»Ich will keine netten Worte«
Marianne Münz setzt sich seit zwanzig Jahren für das Mitspracherecht von Behinderten ein
Bad Kreuznach. »Nett« und »brav«. Das sind zwei Worte, die Marianne Münz wütend machen. Denn mit diesen zwei Worten schiebt man elegant Menschen beiseite, mit denen man nicht auf Augenhöhe diskutieren will. Aber Marianne Münz ist eine Kämpferin. Die 55-Jährige sitzt zwar im Rollstuhl. Sie spricht zwar nur schwer verständlich. Sie kann nur mit einer Hand die Tastatur des Computers bedienen. Sie hat erst mit 22 Jahren lesen und schreiben gelernt. Aber Beiseiteschieben und mundtot machen lässt sich die Vorsitzende des Gesamtwerkstattrates der Diakonie Werkstätten Bad Kreuznach längst nicht mehr. Auch deshalb hat sie gerade den Verdienstorden des Landes Rheinland-Pfalz bekommen.
Zur Schule erst mit 22
Seit mehr als zwanzig Jahren kämpft Marianne Münz für die Rechte auf Mitsprache und Mitbestimmung von Menschen mit Behinderung in den Diakonie Werkstätten Bad Kreuznach. Sie ist Mitbegründerin eines der ersten Werkstatträte einer Behinderteneinrichtung Deutschlands. Damit hat sie den Behinderten bei ihrer Arbeit dort eine Stimme verliehen. Sie ist eine Pionierin, und sie macht klassische Gewerkschaftsarbeit dort, wo Gewerkschaften zu oft außen vor bleiben. Sie fährt zu Tagungen, hält Vorträge und bereitet Kongresse mit vor. »Ich will kein Theater, ich will keine netten Worte – die helfen nicht«, sagt sie. Sie will arbeiten können, sie will Mitsprache, sie will Gleichberechtigung. Sie will nicht Bitten müssen. Sie will Rechte.
Vermutlich durch Sauerstoffmangel bei der Geburt hat Marianne Münz eine Cerebralparese – früher nannte man solche Menschen Spastiker. Sie wuchs auf einem Bauernhof in einem kleinen Dorf bei Limburg an der Lahn auf. Ihre Eltern versuchten, das Mädchen zu behüten, wollten es nicht weggeben. Und so besuchte das Kind nie eine Schule. »Ich konnte weder lesen noch schreiben.«
Erst durch viele Zufälle, mit viel Glück und einer gehörigen Portion Ehrgeiz und Mut konnte Marianne Münz mit 22 Jahren zur Schule gehen. Sie machte ihren Hauptschulabschluss und wollte eigentlich nie in einer Behindertenwerkstatt arbeiten. Sie bewarb sich immer wieder auf Bürojobs. Unterdessen besuchte sie aber auch die Beschäftigungstherapie der Diakonie Werkstätten. Die Mitarbeiter dort meldeten sie ohne ihr Wissen für ein Arbeitstraining an: Der erste Arbeitsplatz war an einem Webrahmen.
Die Leitung war irritiert
Doch dann gab es plötzlich Computer, und Marianne Münz wusste, was sie wollte: einen Computer-Arbeitsplatz. Das schrieb sie der Werkstattleitung. Dort war man zunächst irritiert über das »Fräulein Marianne«, wie die Werkstattleitung sie damals nannte. Irritiert darüber, dass eine behinderte Frau sich dagegen wehrte, dass man Entscheidungen über ihren Kopf hinweg traf.

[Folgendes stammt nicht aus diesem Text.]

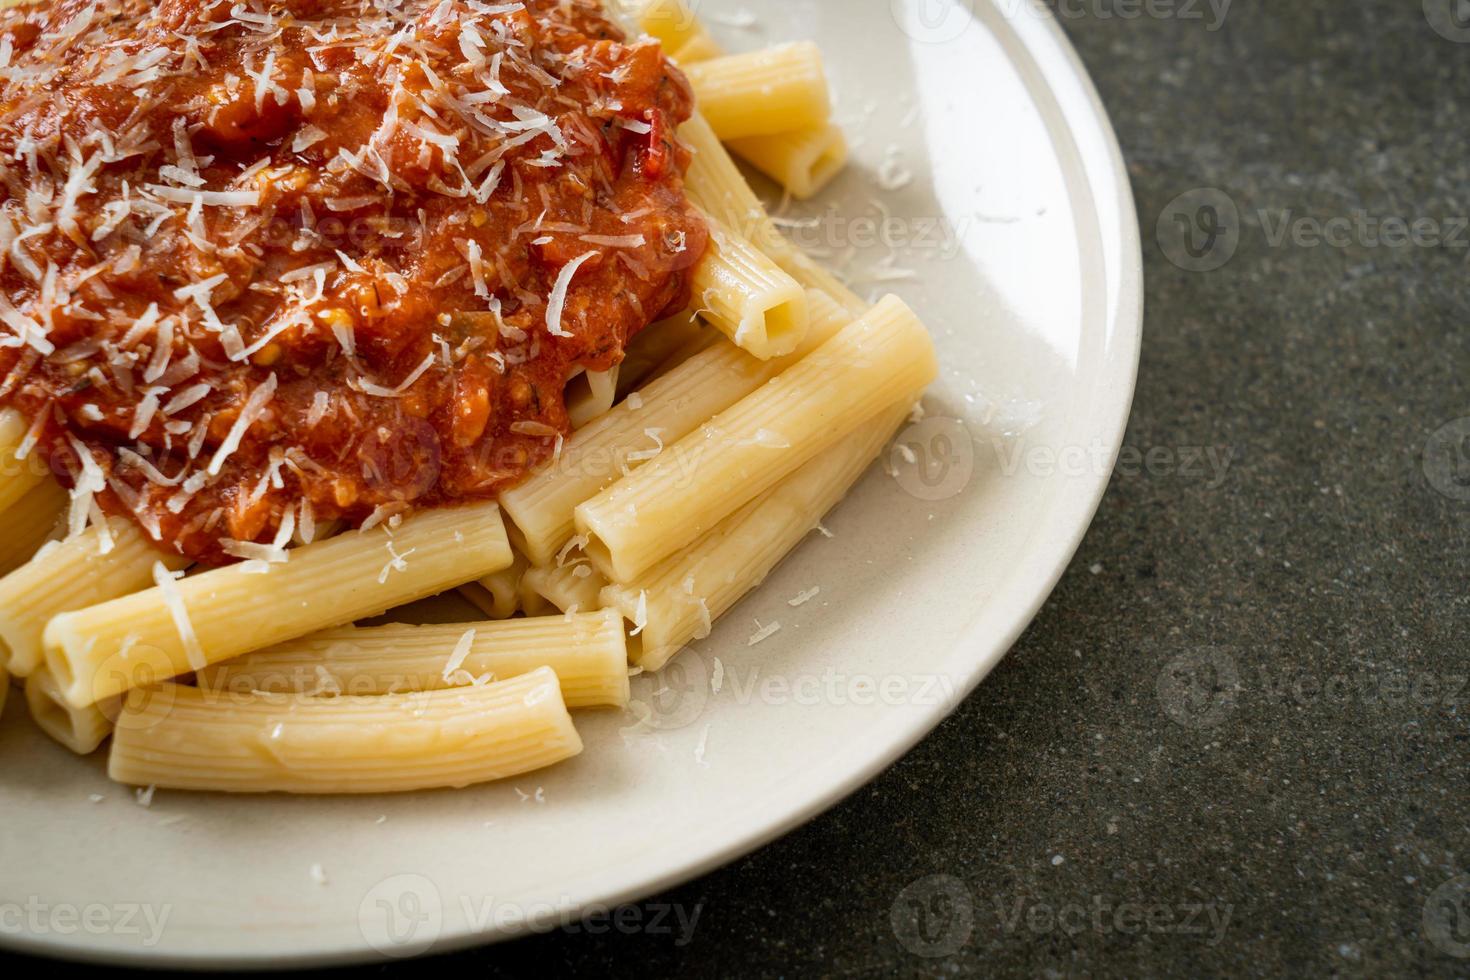 Rigatoni pasta with pork bolognese sauce - Italian food style photo

Es begann ein beiderseitiges Lernen. Marianne Münz hat gelernt, wie man sich gegen Bevormundung wehrt, aber auch dass man »mit Augenmerk auf den Einzelnen achten muss«. In der Werkstattleitung kam ein Prozess in Gang, der die Diakonie-Einrichtung zu einer der wegweisenden Einrichtungen in Sachen Mitspracherechte für behinderte Menschen gemacht hat. Marianne Münz und ihre Kollegen haben auch mit Unterstützung von Mitarbeitern der Diakonie Werkstätten den Mindestlohn für behinderte Menschen und Mitspracherechte durchgesetzt. Sie haben die erste Assistenzstelle für einen Werkstattrat in Deutschland erstritten.
Doch Marianne Münz weiß: »Ich muss mich immer wieder melden, um am Ball zu bleiben. Ich bin immer wieder in einer Bittsteller-Rolle. Ich will, dass die Arbeit des Werkstattrates genau denselben Stellenwert in der Werkstatt bekommt wie etwa eine Qualitätssicherung.« Dafür will »Frau Münz« – wie man sie längst nennt – weiter kämpfen.